From the data below, return the exact lines starting at the line containing "Football Medal Top" and ending at the line containing "G-DUDE, 2004 Vans", both included, and nothing else.

[INPUT DATA]:
---------------

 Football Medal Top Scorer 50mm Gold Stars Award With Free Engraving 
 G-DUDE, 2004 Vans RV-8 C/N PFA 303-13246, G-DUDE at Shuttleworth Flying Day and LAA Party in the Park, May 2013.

---------------

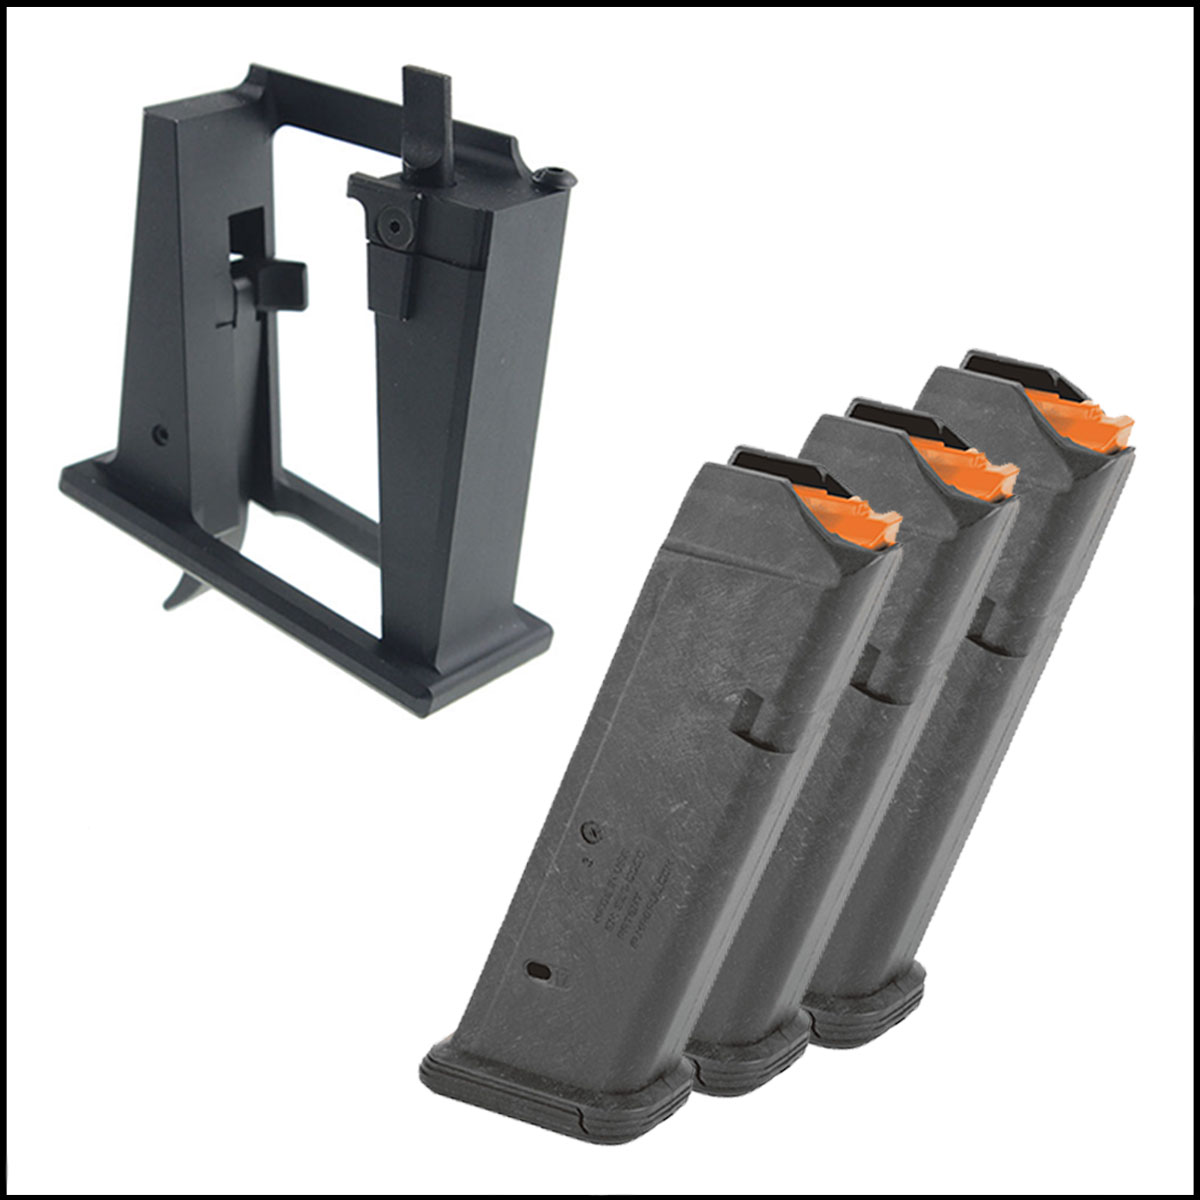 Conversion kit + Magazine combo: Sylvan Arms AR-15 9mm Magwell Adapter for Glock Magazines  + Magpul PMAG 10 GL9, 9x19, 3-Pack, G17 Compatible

---------------

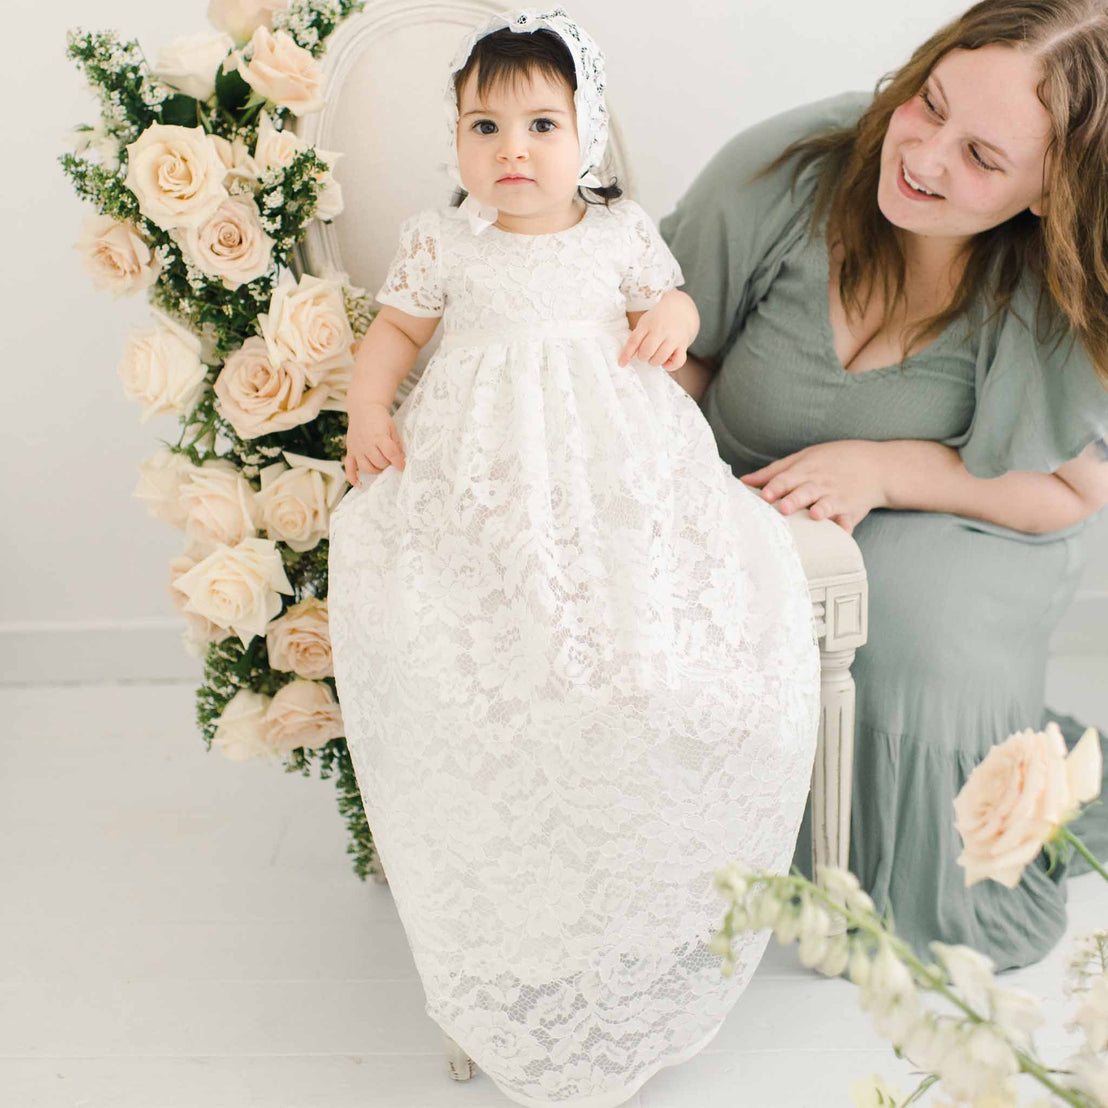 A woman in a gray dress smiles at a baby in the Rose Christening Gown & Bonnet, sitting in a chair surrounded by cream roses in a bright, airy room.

---------------

[RESULT]:
 Football Medal Top Scorer 50mm Gold Stars Award With Free Engraving 
 G-DUDE, 2004 Vans RV-8 C/N PFA 303-13246, G-DUDE at Shuttleworth Flying Day and LAA Party in the Park, May 2013.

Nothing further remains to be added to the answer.